**Task brief**
Filter the listing below, keeping only the lines with the word "Survivors".

**Data for review**
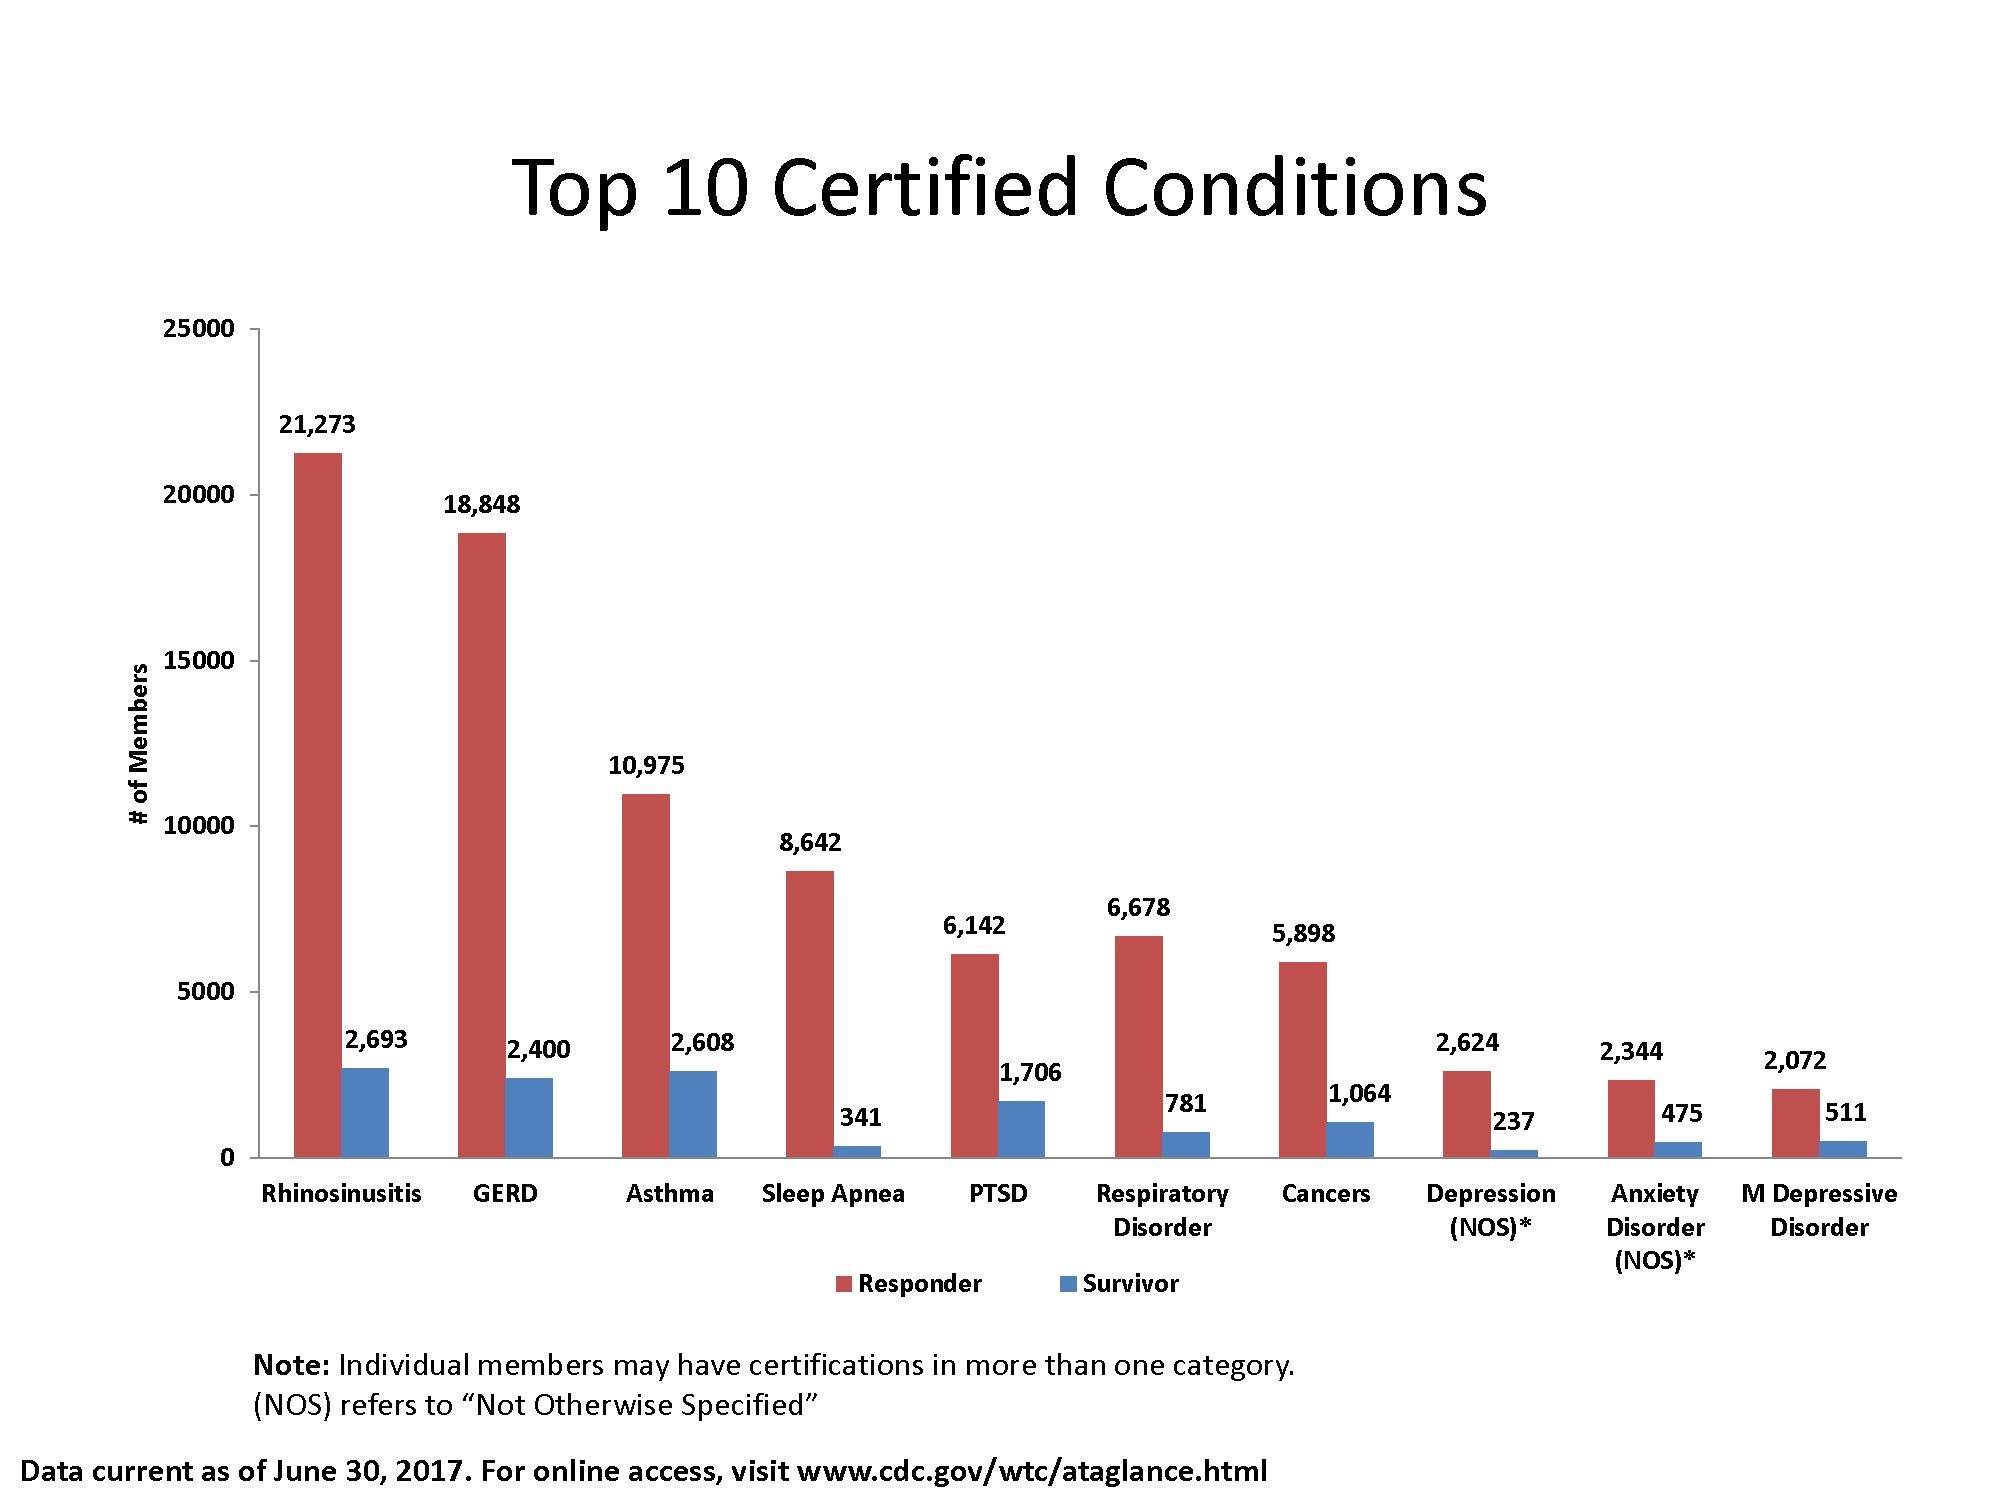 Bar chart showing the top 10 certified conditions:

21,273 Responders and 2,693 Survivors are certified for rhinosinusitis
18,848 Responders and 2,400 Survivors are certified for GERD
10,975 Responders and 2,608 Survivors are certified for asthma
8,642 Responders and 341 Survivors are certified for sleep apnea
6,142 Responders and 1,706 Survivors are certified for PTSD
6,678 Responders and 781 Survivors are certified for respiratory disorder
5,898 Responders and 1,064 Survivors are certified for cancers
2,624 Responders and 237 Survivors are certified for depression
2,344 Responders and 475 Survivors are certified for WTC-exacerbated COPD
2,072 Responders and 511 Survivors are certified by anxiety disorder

--

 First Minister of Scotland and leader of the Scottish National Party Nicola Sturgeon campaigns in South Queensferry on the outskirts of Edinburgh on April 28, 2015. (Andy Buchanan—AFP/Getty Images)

---

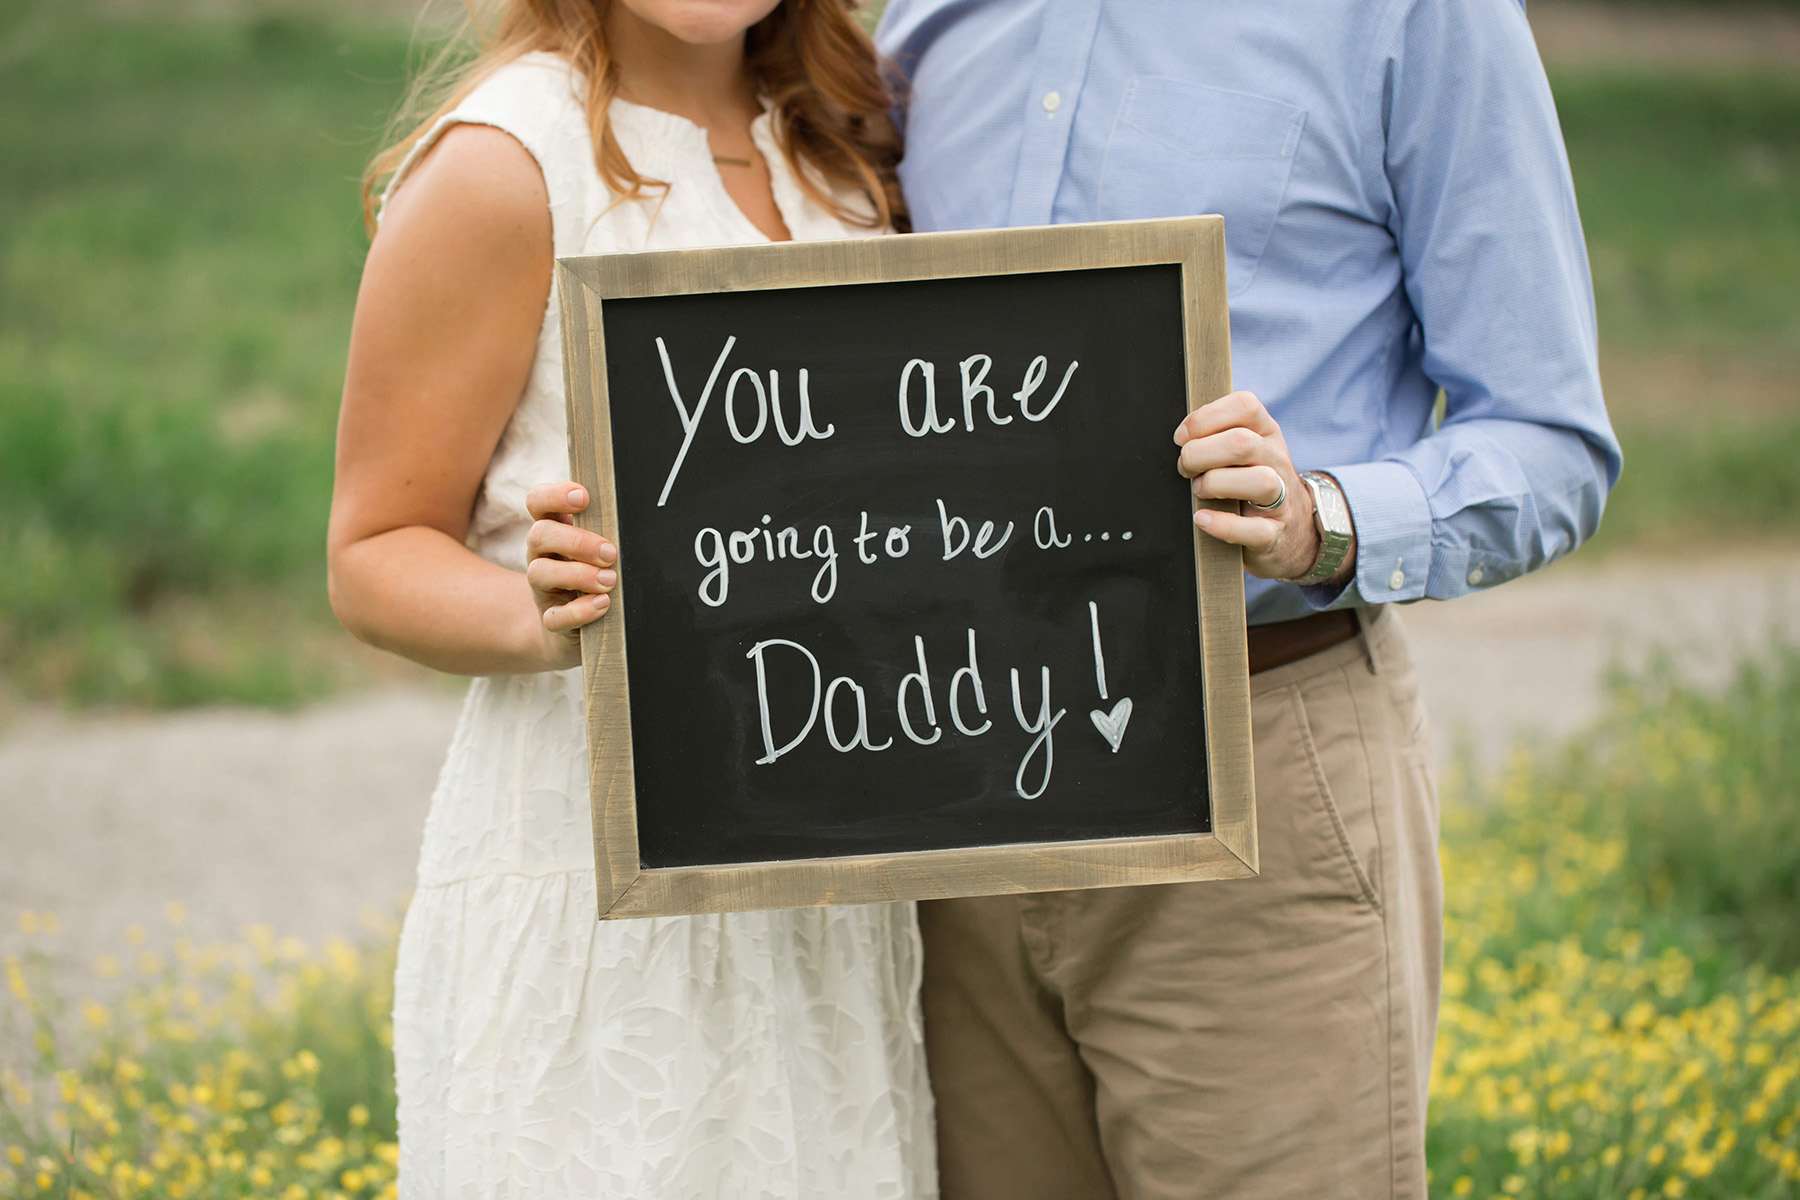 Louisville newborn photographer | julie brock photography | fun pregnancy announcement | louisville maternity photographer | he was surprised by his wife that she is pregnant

**Expected answer**
21,273 Responders and 2,693 Survivors are certified for rhinosinusitis
18,848 Responders and 2,400 Survivors are certified for GERD
10,975 Responders and 2,608 Survivors are certified for asthma
8,642 Responders and 341 Survivors are certified for sleep apnea
6,142 Responders and 1,706 Survivors are certified for PTSD
6,678 Responders and 781 Survivors are certified for respiratory disorder
5,898 Responders and 1,064 Survivors are certified for cancers
2,624 Responders and 237 Survivors are certified for depression
2,344 Responders and 475 Survivors are certified for WTC-exacerbated COPD
2,072 Responders and 511 Survivors are certified by anxiety disorder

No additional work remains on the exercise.